OPINION> Raymond Zhou
Tightening quality control
By Raymond Zhou (China Daily)
Updated: 2008-09-27 07:33

Early this month, while on an assignment in Hohhot, I was taken on a tour of Mengniu and Yili, two of the most prominent businesses in Inner Mongolia. I was so impressed by what I saw that I called my wife right there in a corridor overlooking the assembly line.

"All the facilities are imported from Germany or Sweden. The place is fully automated and immaculate. We have to wear shoe covers even though there is a glass partition between where we stand and where all the production takes place. Every batch of milk is tested so that germs are expunged," I told her.

My wife has always hesitated when buying domestically made food products. Though I've never been inside a foreign dairy company, I firmly believed it wouldn't be much different from what I saw at Mengniu and Yili.

"You can rest assured the dairy products from these producers are top-notch in quality and just as safe as the imports you insist on," I told her.

I was not shocked when the Sanlu scandal broke out. There are bad apples in every industry and every locality, I figured. Besides, common sense tells me there is no quality to speak of for something priced as low as 16 yuan a can.

I was shaken to the core when melamine was found in the baby formula produced by 22 companies, including Mengniu and Yili. My instinct was: Could melamine be one of the unclean ingredients that come with raw milk, the so-called "germs" that Mengniu and Yili bought expensive machines to get rid of? No, I was told, it was something deliberately added to the milk.

Despite extensive coverage of the incident, most of the fundamental questions are still gnawing at me: Adding melamine to bump up the protein content does not seem to be an isolated incident. How widespread is it in the industry? You cannot really pass the buck totally to the farmers.

Certain people inside the dairy producers must be aware of the practice and could have been bribed into acquiescence, if not doing it themselves. And you cannot blame the machines for failing to detect the industrial chemical, either.

If it was the act of a few desperados in key positions, it implies that management is so inept they don't even know the cost structure of their products. If they are accomplices, how come not all of their products were found to be contaminated? And how come many of the smaller companies came out clean while the brand names were guilty? Maybe the smaller ones were not qualified for "exemption from testing", which nipped the fake protein idea in the bud.

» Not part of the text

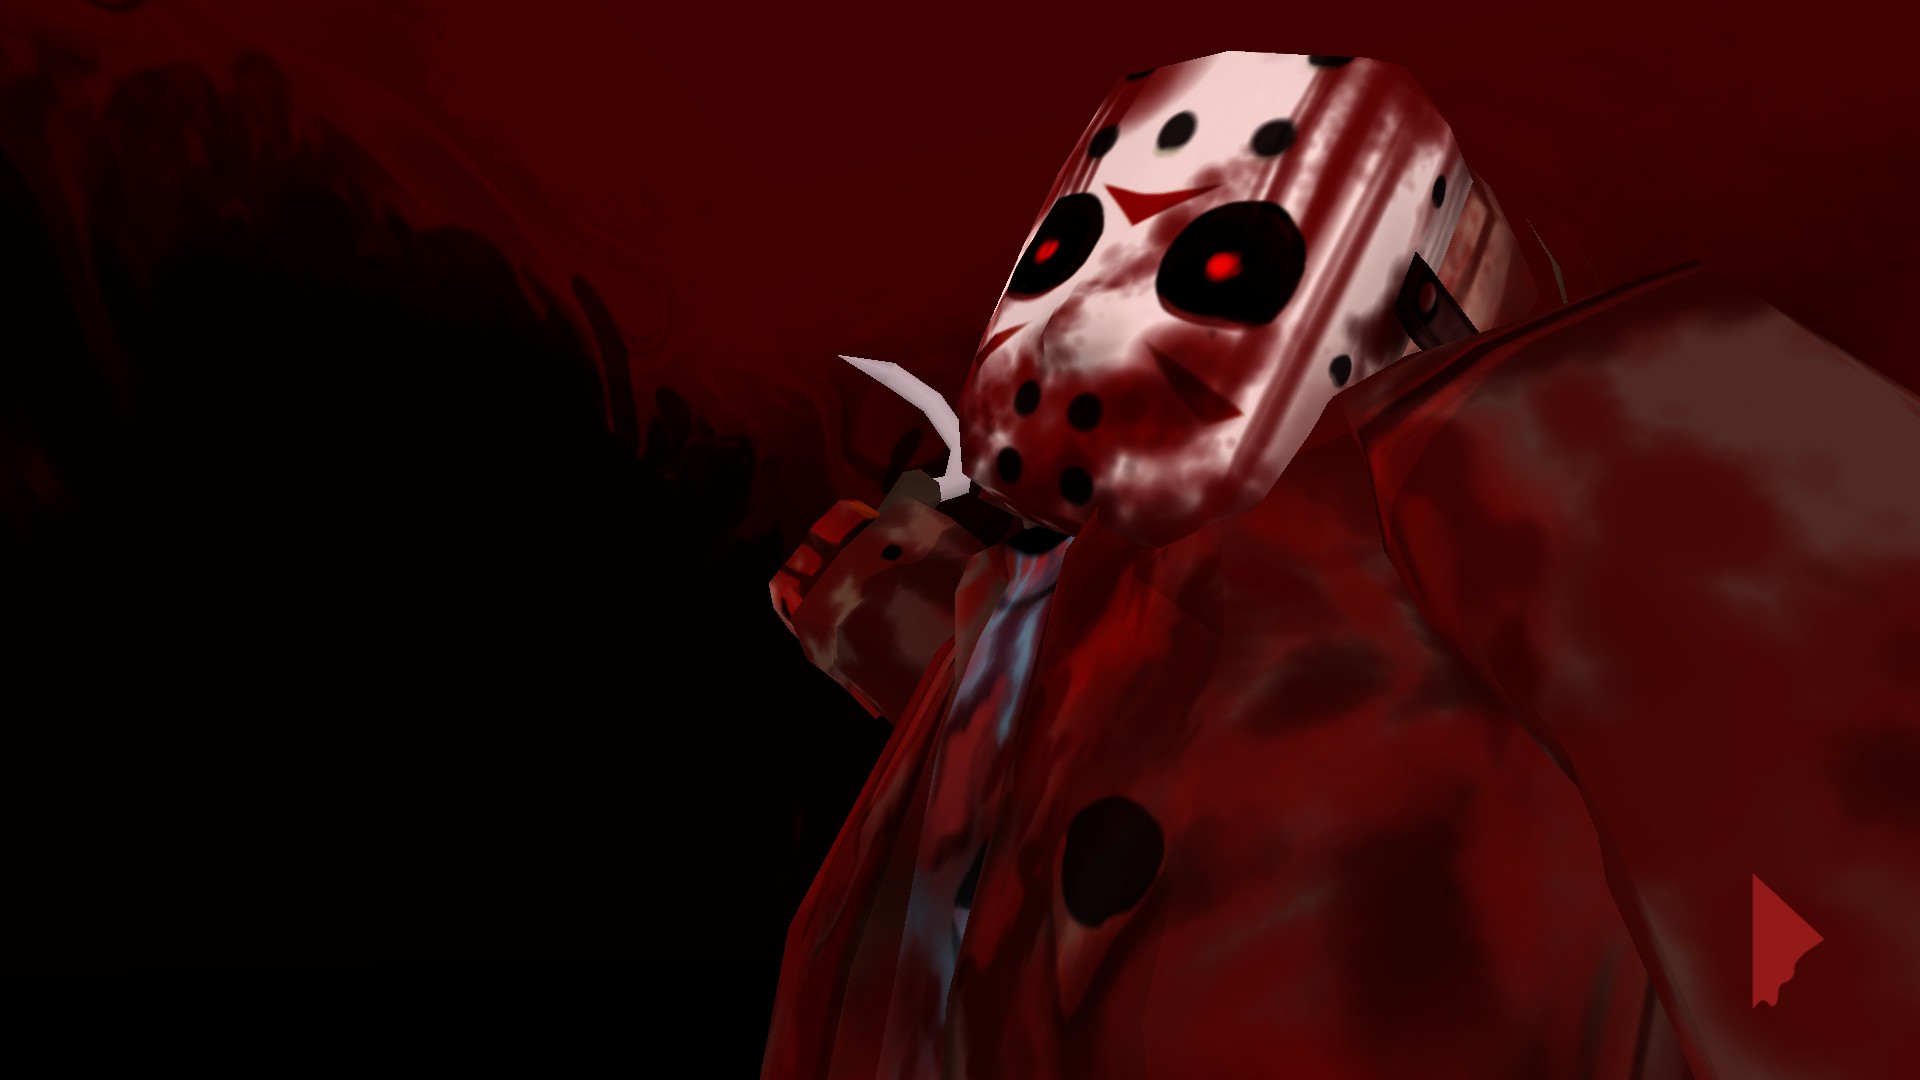 Friday 13 killer puzzle steam фото 64

I can understand why managements at the affected companies have been so eager to admit negligence. It is the less of two evils - the other being aiding and abetting a criminal act, which brings a much stiffer penalty.

Now they have vowed to offer only unsoiled products.

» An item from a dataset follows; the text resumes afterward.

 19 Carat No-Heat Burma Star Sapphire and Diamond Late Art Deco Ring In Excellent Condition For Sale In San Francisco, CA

To most Chinese this sounds like a joke. A pledge from a culpable business is like one from a naughty kid who says he'll not lie again. We cannot rely on the moral character of one CEO or one company. There has to be a quality control mechanism so that businesses are not tempted with get-rich-quick schemes that harm public interest.

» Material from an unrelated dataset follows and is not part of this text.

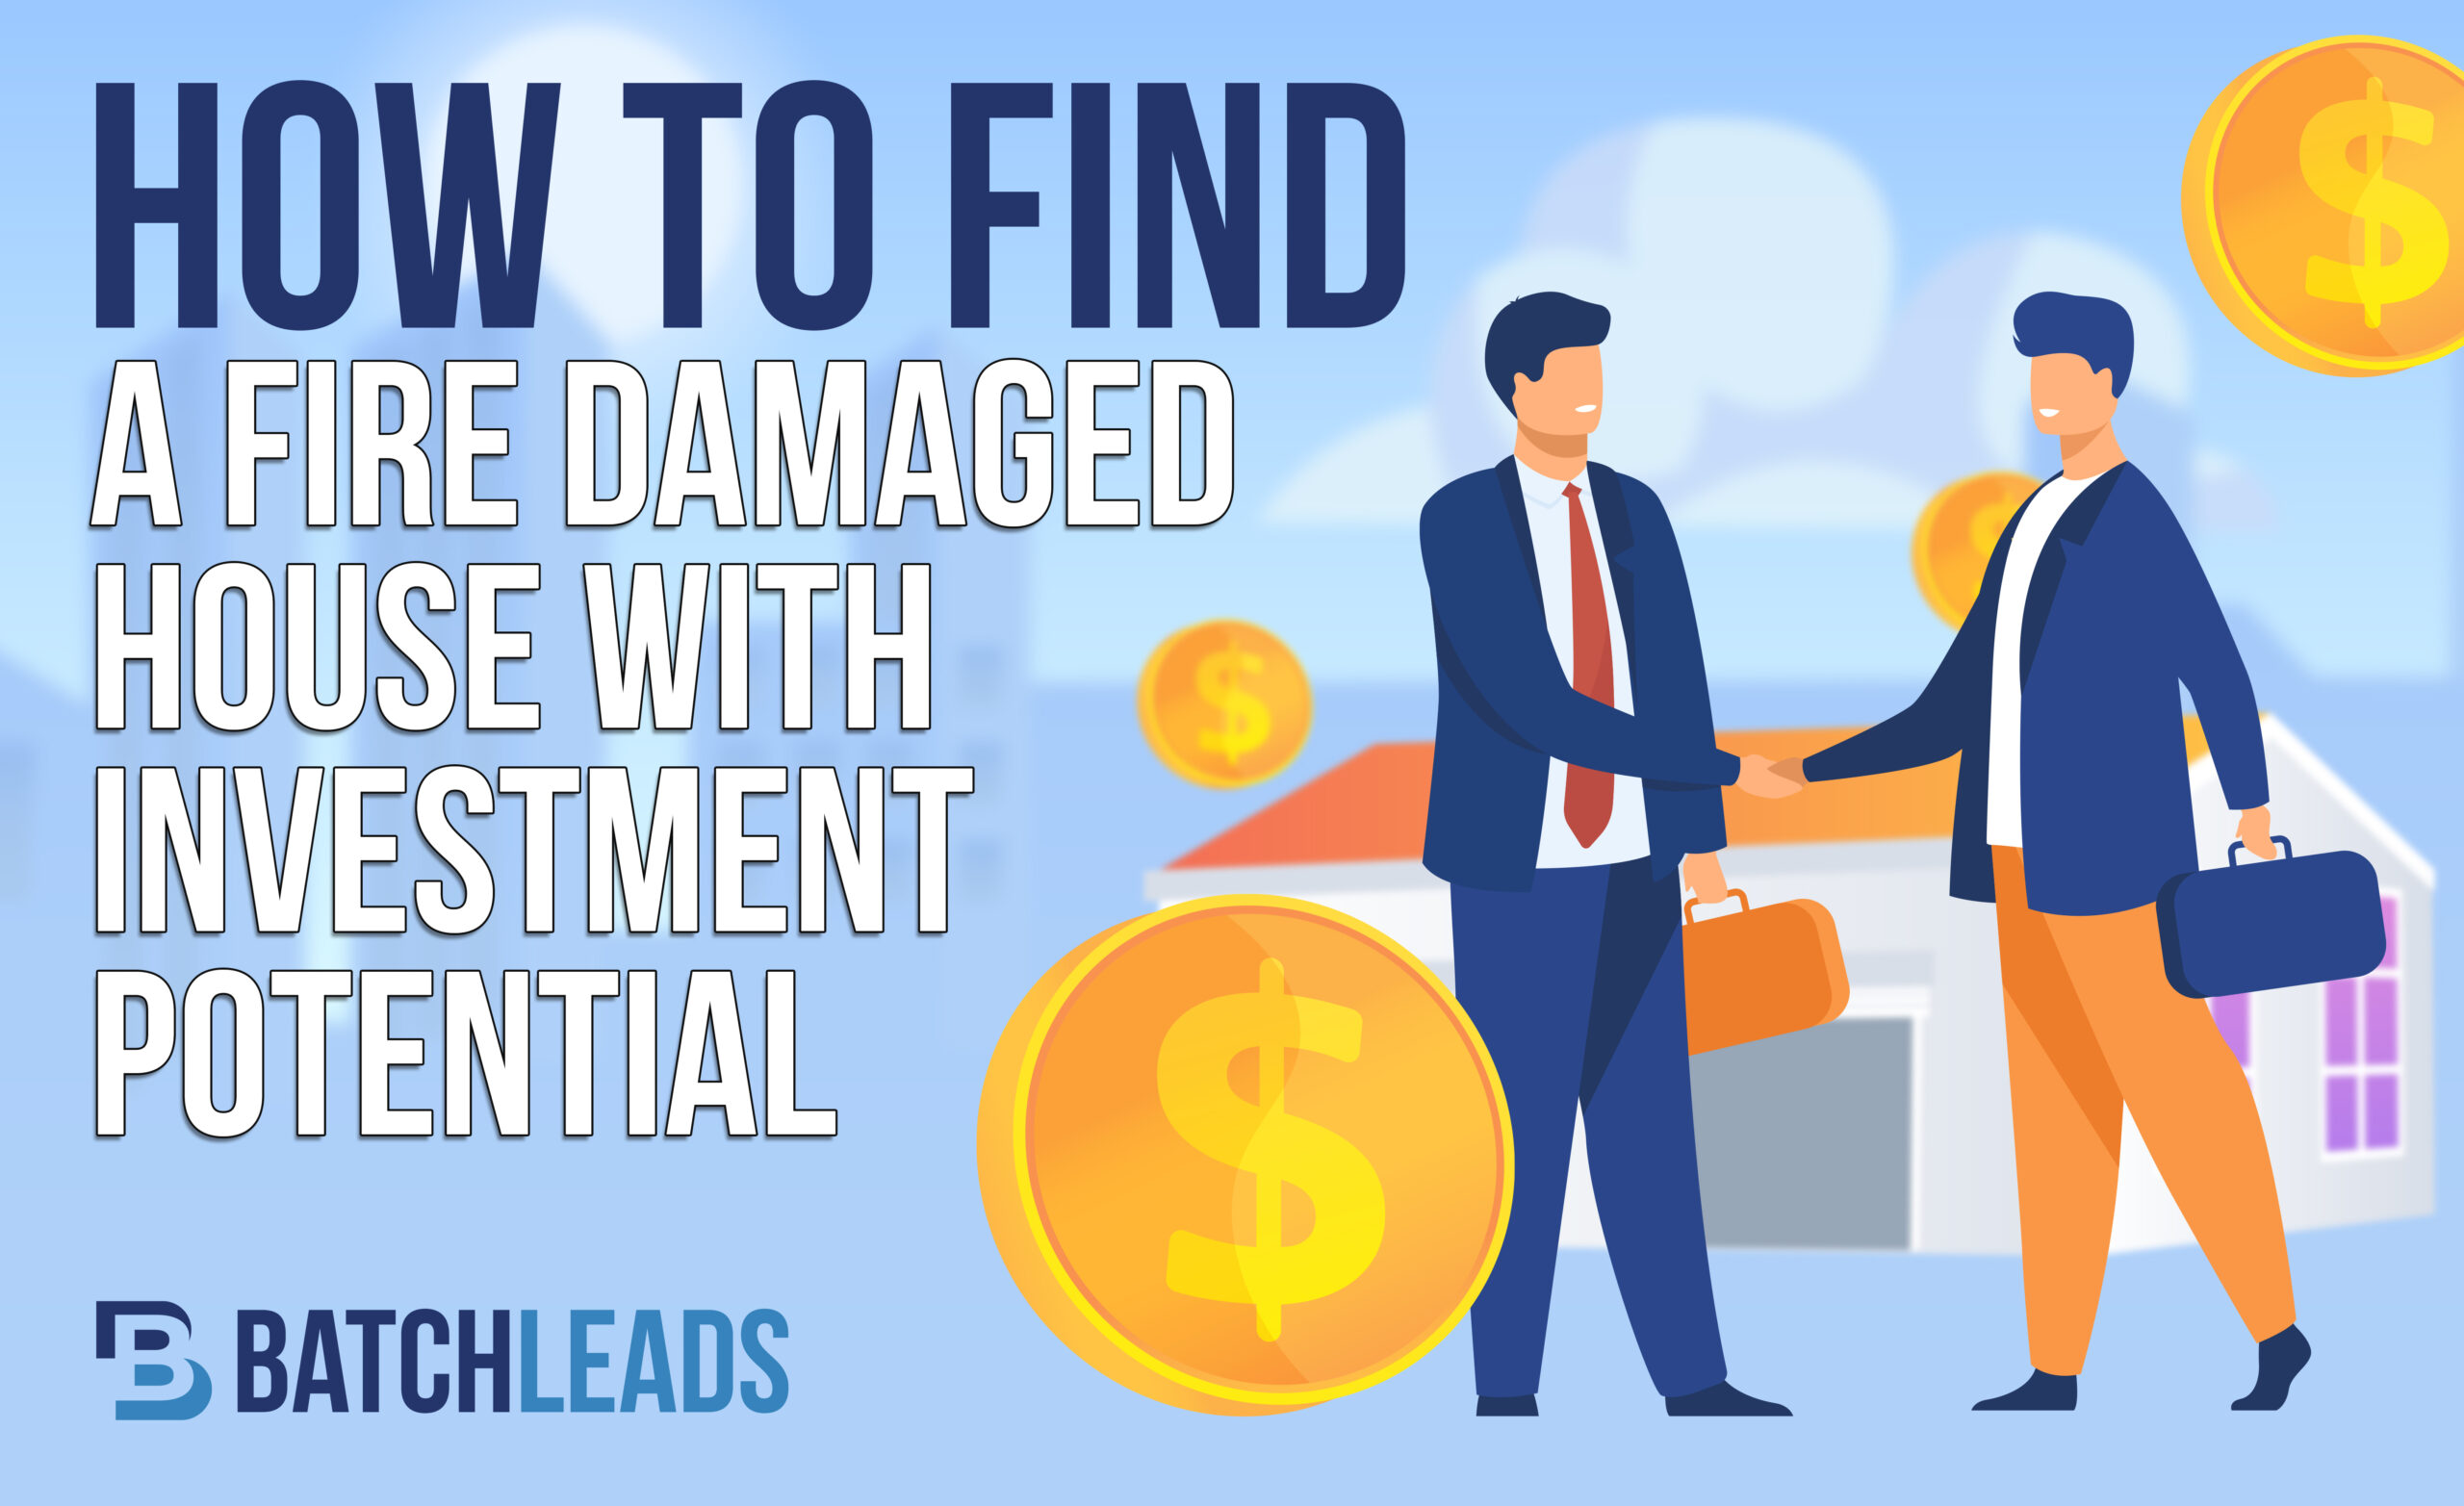 How to Find a Fire Damaged House with Investment Potential

I don't pretend to know the technical complexity of testing food products. If it's not feasible to test every thing put on store shelves, can authorities do random inspections unannounced, and without the requisite dining, wining and giftgiving routine?

Look at how our culture watchdogs check and double-check every movie, TV show, book, song, etc. Give the same attention to our food, and no one in the food industry will ever think of adding anything toxic.